THE DATA: Begin
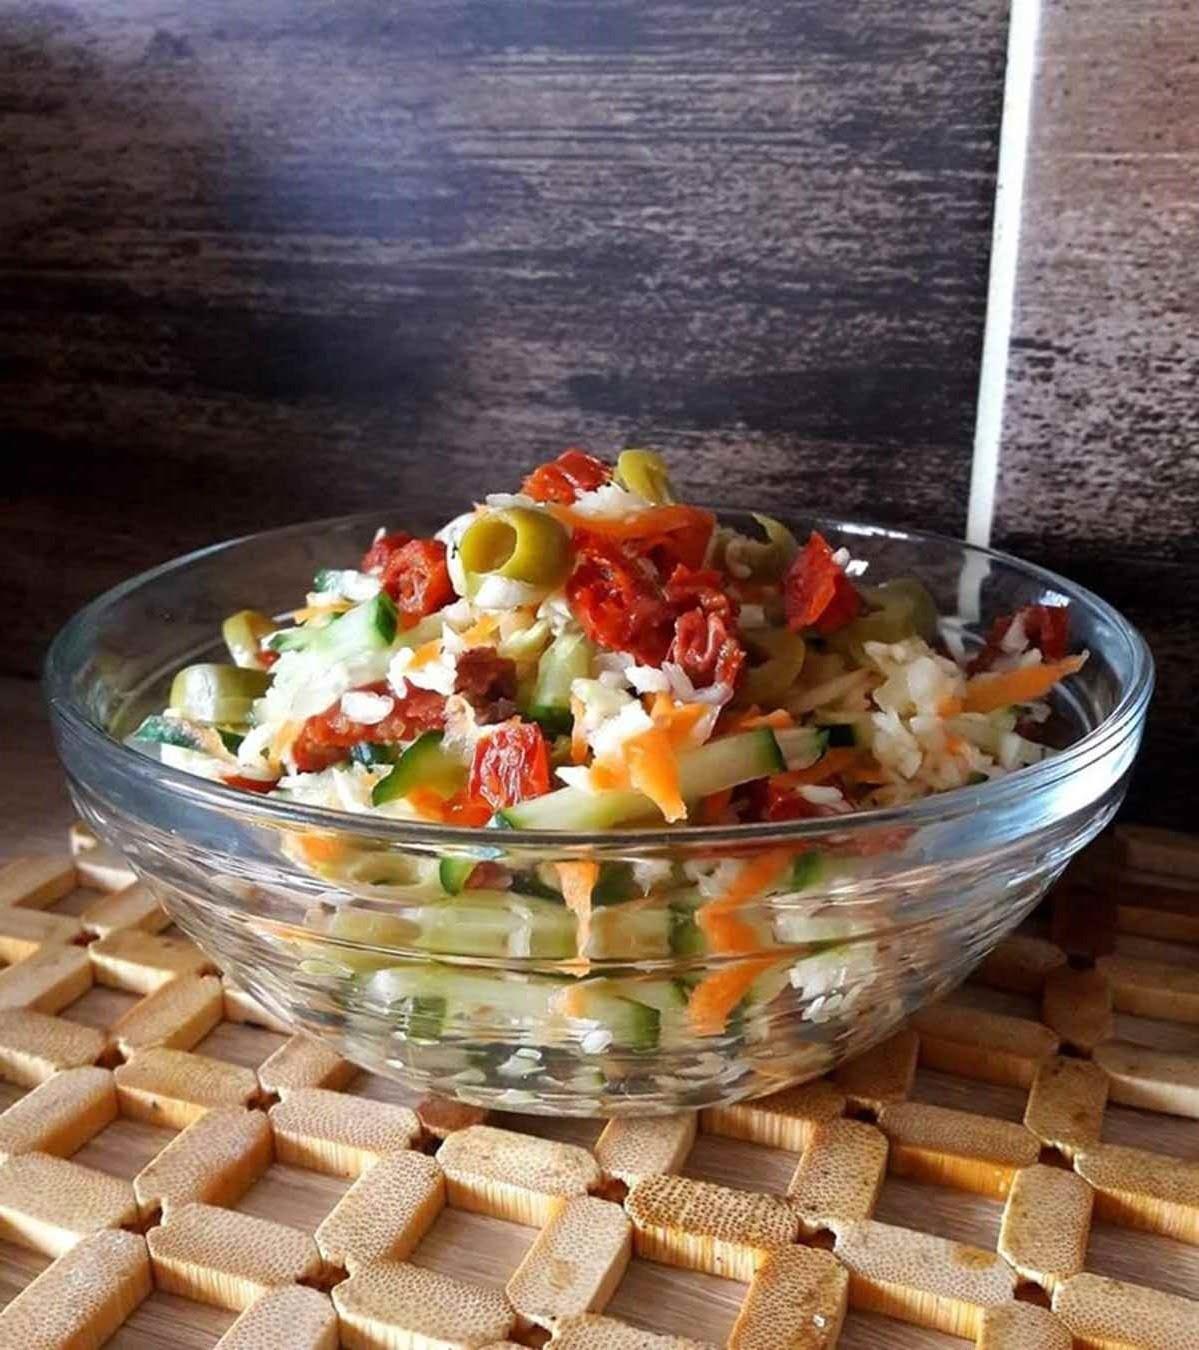 Gaivios kopūstų salotos su cukinija arba agurku (iš sveikos mitybos plano)
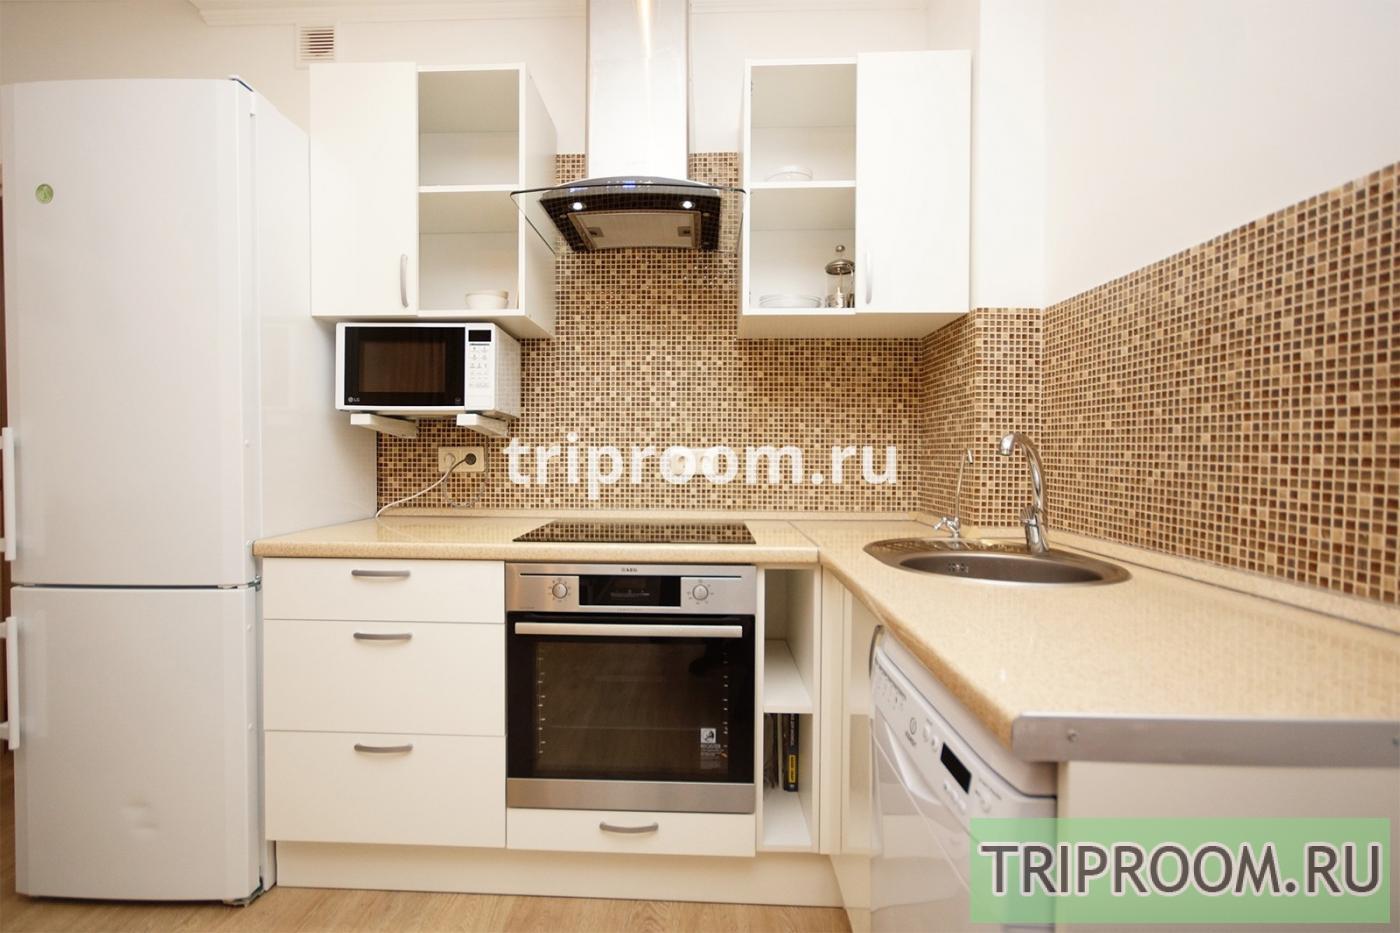 1-комнатная квартира посуточно (вариант № 17278), ул. Полтавский проезд, фото № 5
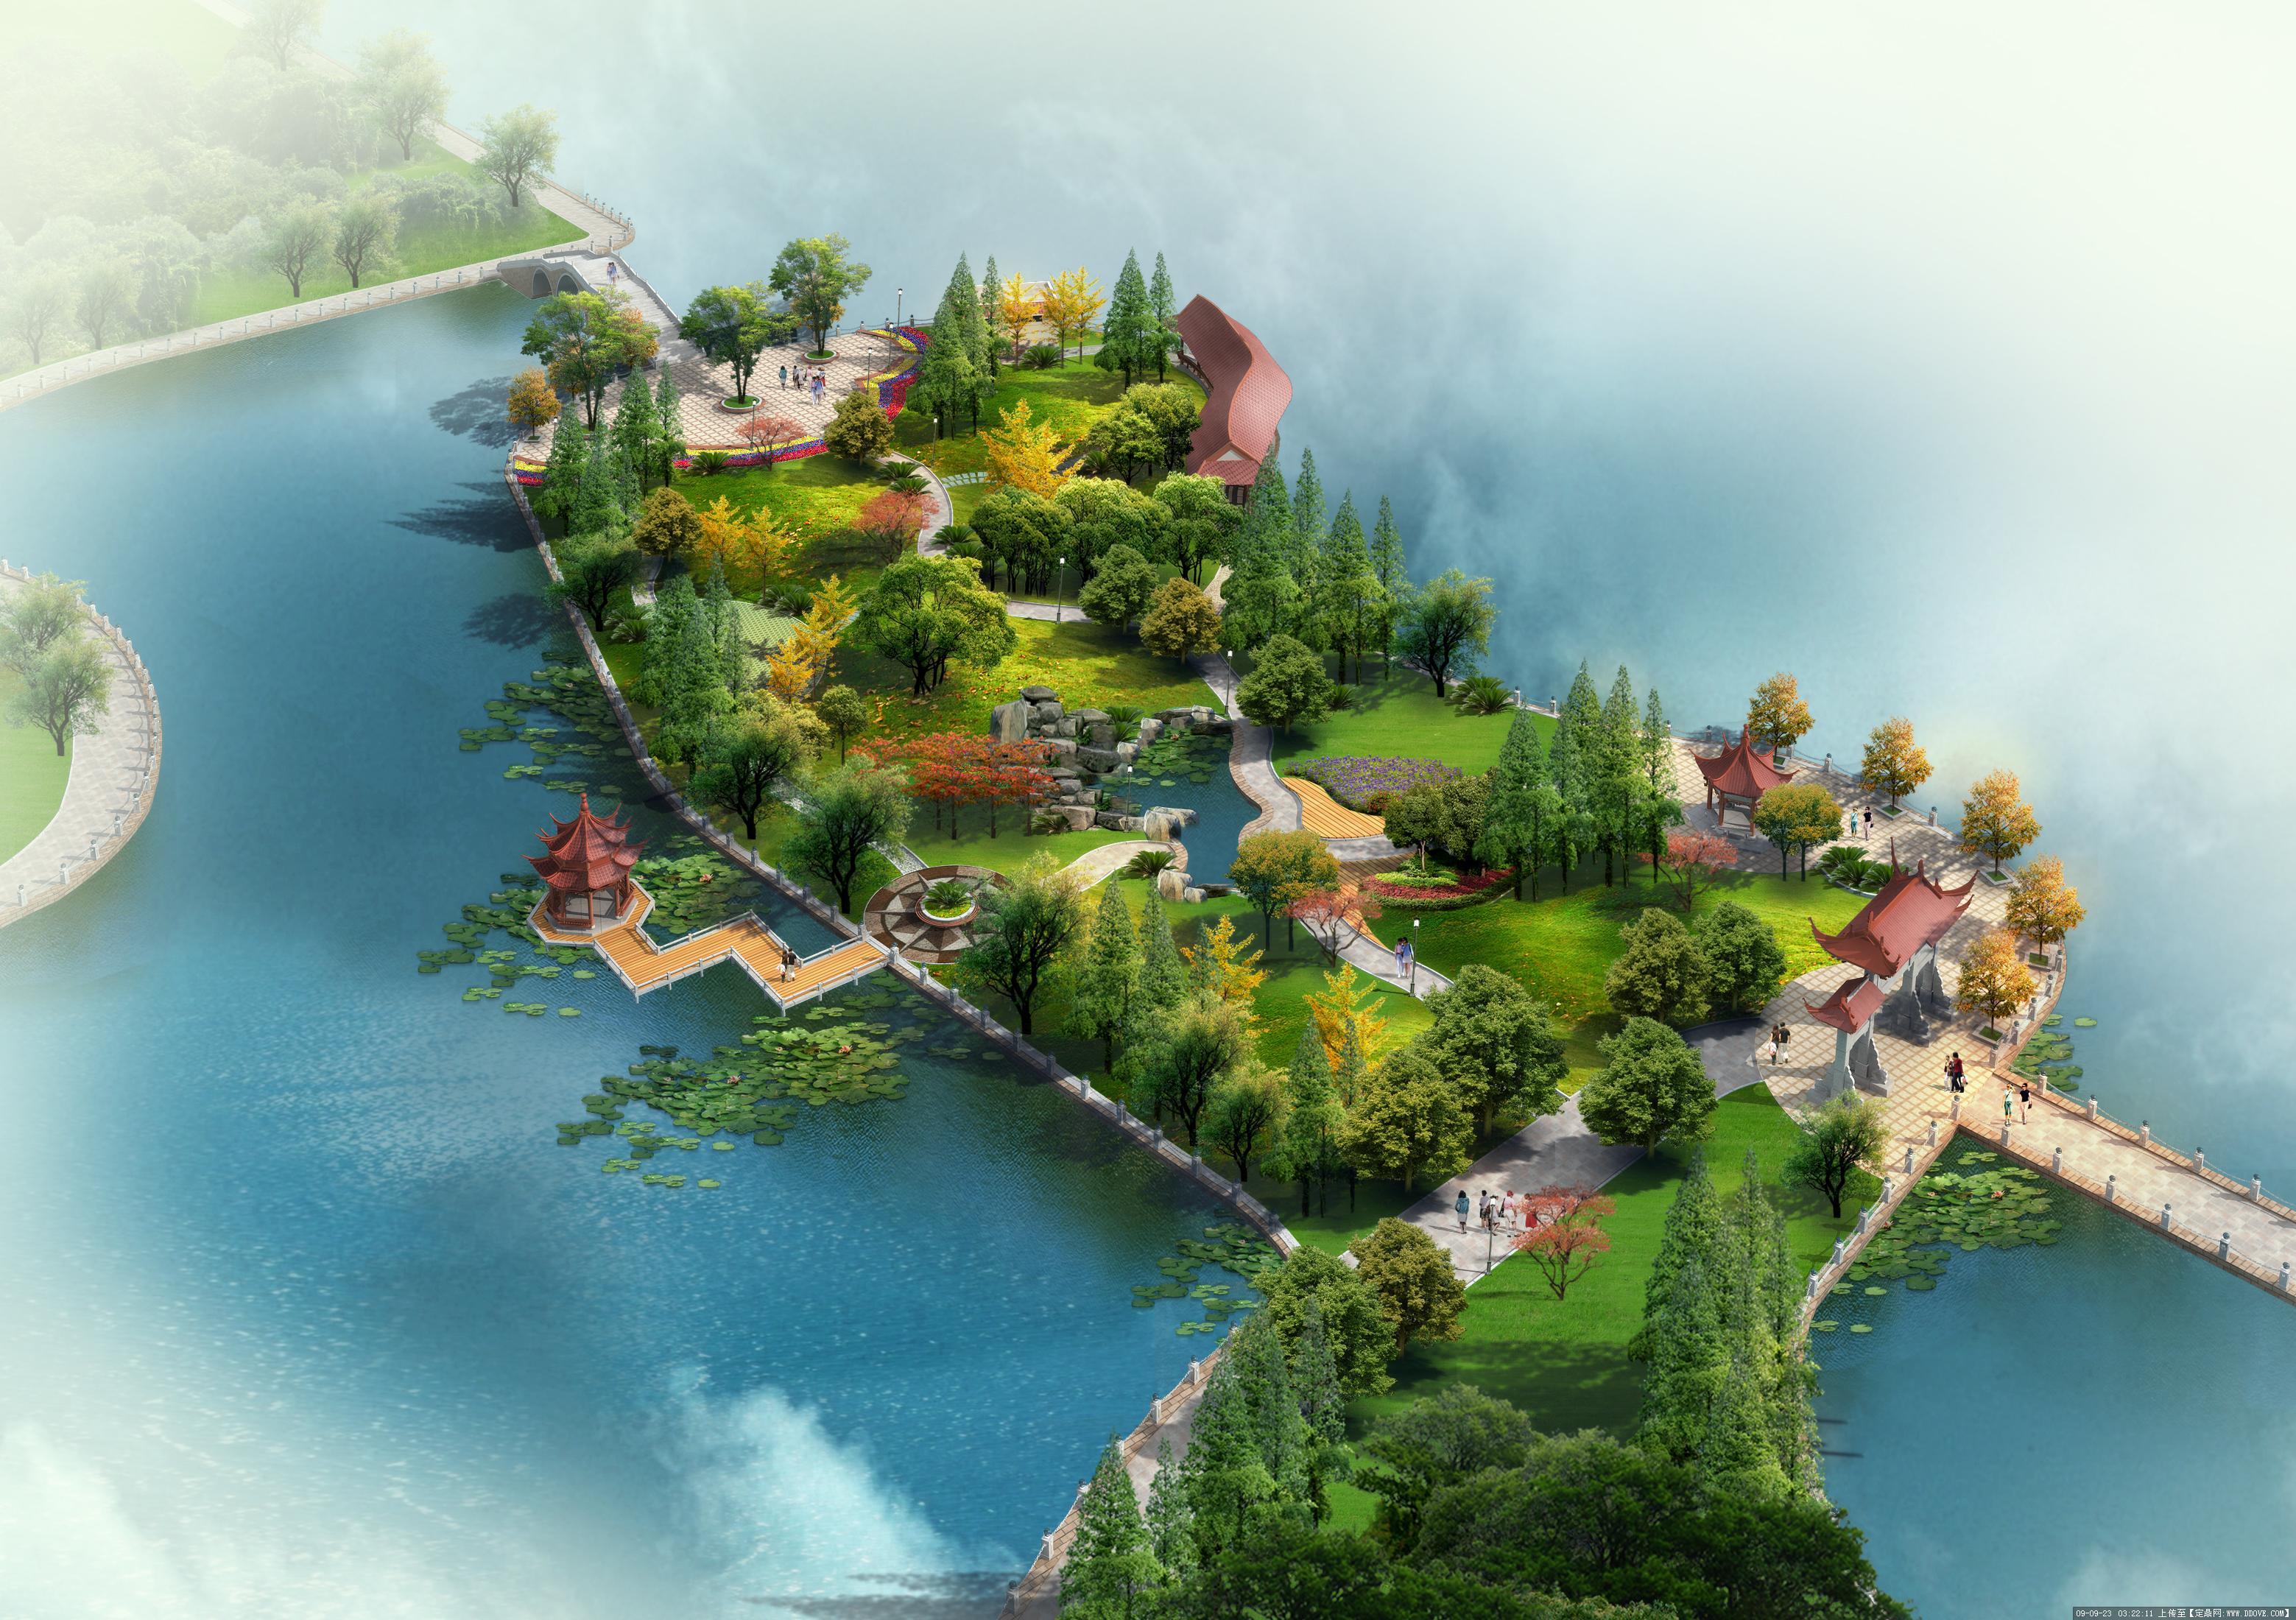 新农村公园景观规划方案鸟瞰效果图
THE DATA: End
WHAT THE EXERCISE ASKS » Please set down every line of the data above precisely, dropping the images.

COMPLETED TASK »
 Gaivios kopūstų salotos su cukinija arba agurku (iš sveikos mitybos plano)
 1-комнатная квартира посуточно (вариант № 17278), ул. Полтавский проезд, фото № 5
 新农村公园景观规划方案鸟瞰效果图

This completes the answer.